Greenville Presbyterian Theological Seminary - Resources: Audio: Course Samples


----------



## Brother John (Jun 1, 2009)

I also found this link that our associate pastor recommended. 

Third Millennium Ministries


----------



## ReformedChapin (Jun 4, 2009)

I know I am a bit late. But in the church I am visiting right now several of the pastors are scholars as well. They have several courses online on the Friday night Acadamy lectures which are highly accessible to lay people.

Christ Reformed Info - MP3's and Real Audio (of Academy Lectures)


Academy lectures include:

-Amillennialism 
-Church History
-Apologetics


----------



## Brother John (Jul 10, 2009)

Thanks for all the replies. Maybe this BUMP will stimulate some thought from those who have not chimed in.


----------



## steven-nemes (Jul 10, 2009)

Philosophy related stuff can be found from respectable scholars (though not all are Reformed) at The Veritas Forum

Good apologetics use, even if their theology may not be perfect.


----------



## christianyouth (Jul 10, 2009)

Here is a good website for apologetics material, though like Veritas Forum, it's not all underpinned by correct theology.
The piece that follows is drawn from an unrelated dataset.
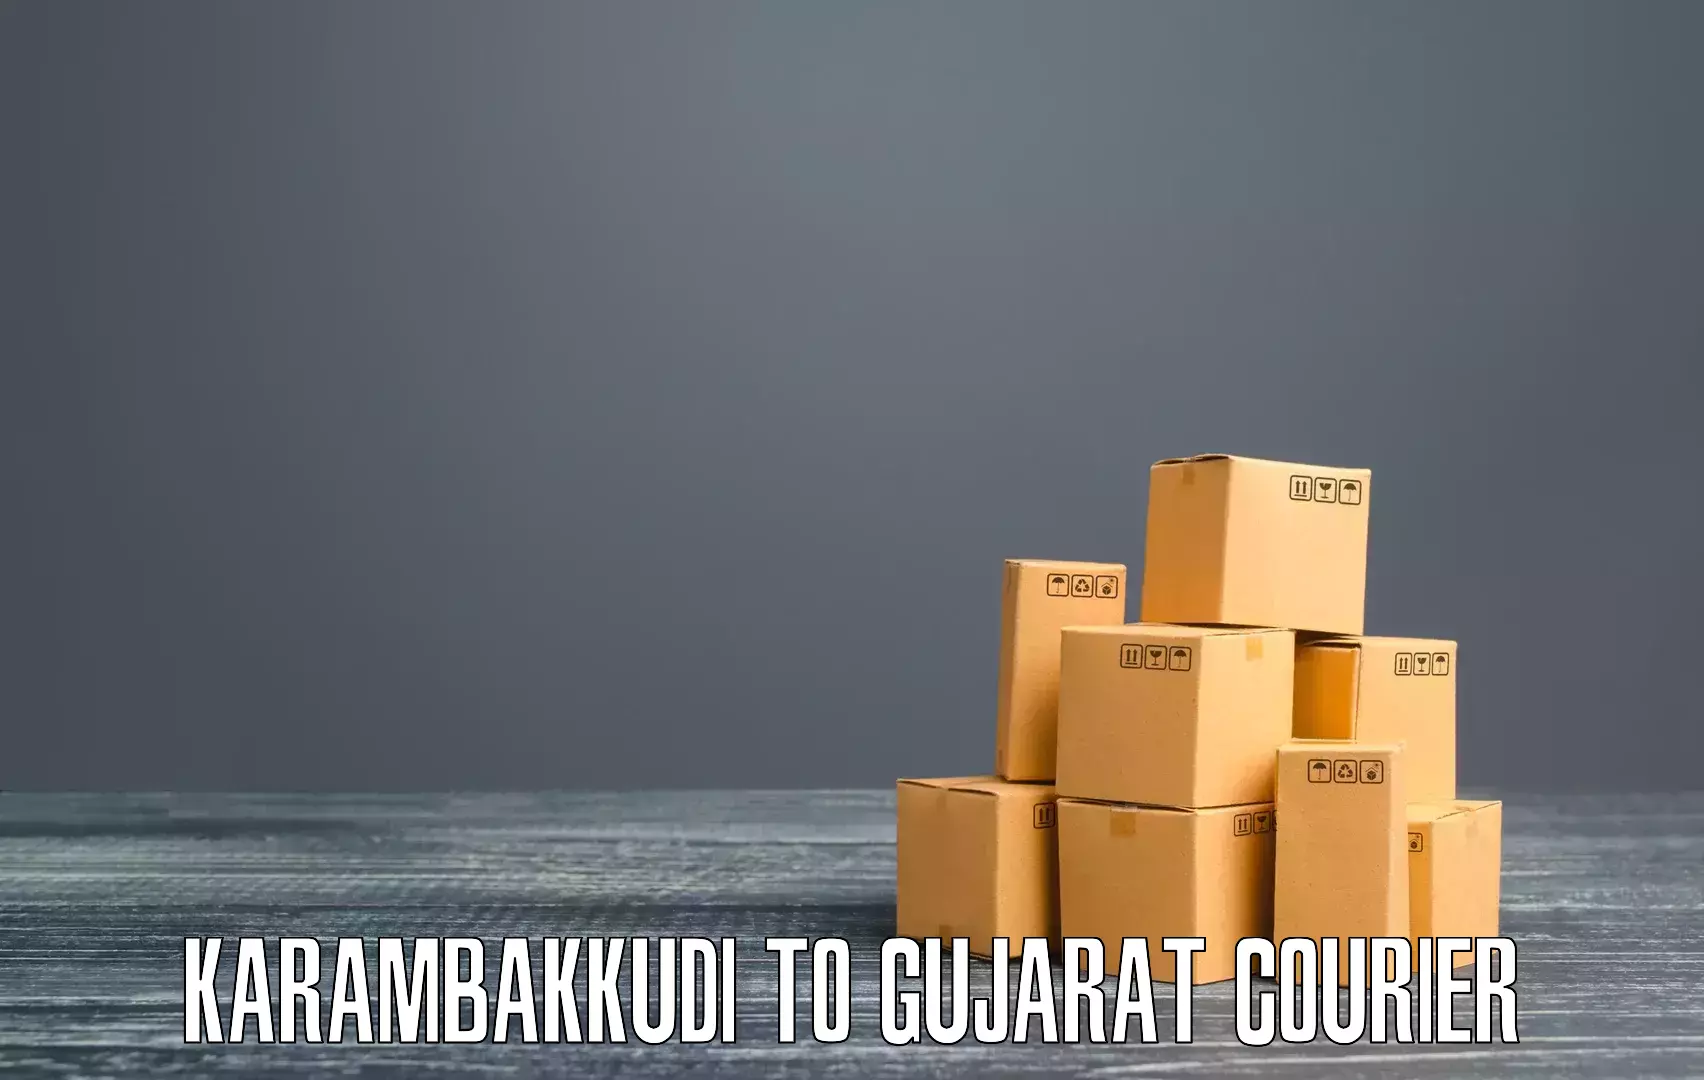 24/7 courier service in Karambakkudi to Vijapur

Webisodes | Closer to Truth


----------



## Andres (Jul 10, 2009)

Probably not as scholarly as the previously mentioned suggestions, but Oneplace has several excellent pastors/teachers/ministries available. There are of course some ministries that are best avoided but I am sure you can discern quality teachers. Some teachers you can find include Piper, MacArthur, Ravenhill, Sproul, Lloyd-Jones, Begg, Spurgeon, & The White Horse Inn. And best of all their MP3s are all free! 

Oneplace.com


----------



## Brother John (Jul 27, 2009)

Does anyone know anything about this site Our recent classes | BiblicalTraining.org

I came across them on Monergism.


----------



## Kevin (Jul 27, 2009)

Blev3rd said:


> Does anyone know anything about this site Our recent classes | BiblicalTraining.org
> 
> I came across them on Monergism.



The LAMP program is a PCA approved method for training ministers.


----------



## lenflack (Jul 28, 2009)

Kevin said:


> The LAMP program is a PCA approved method for training ministers.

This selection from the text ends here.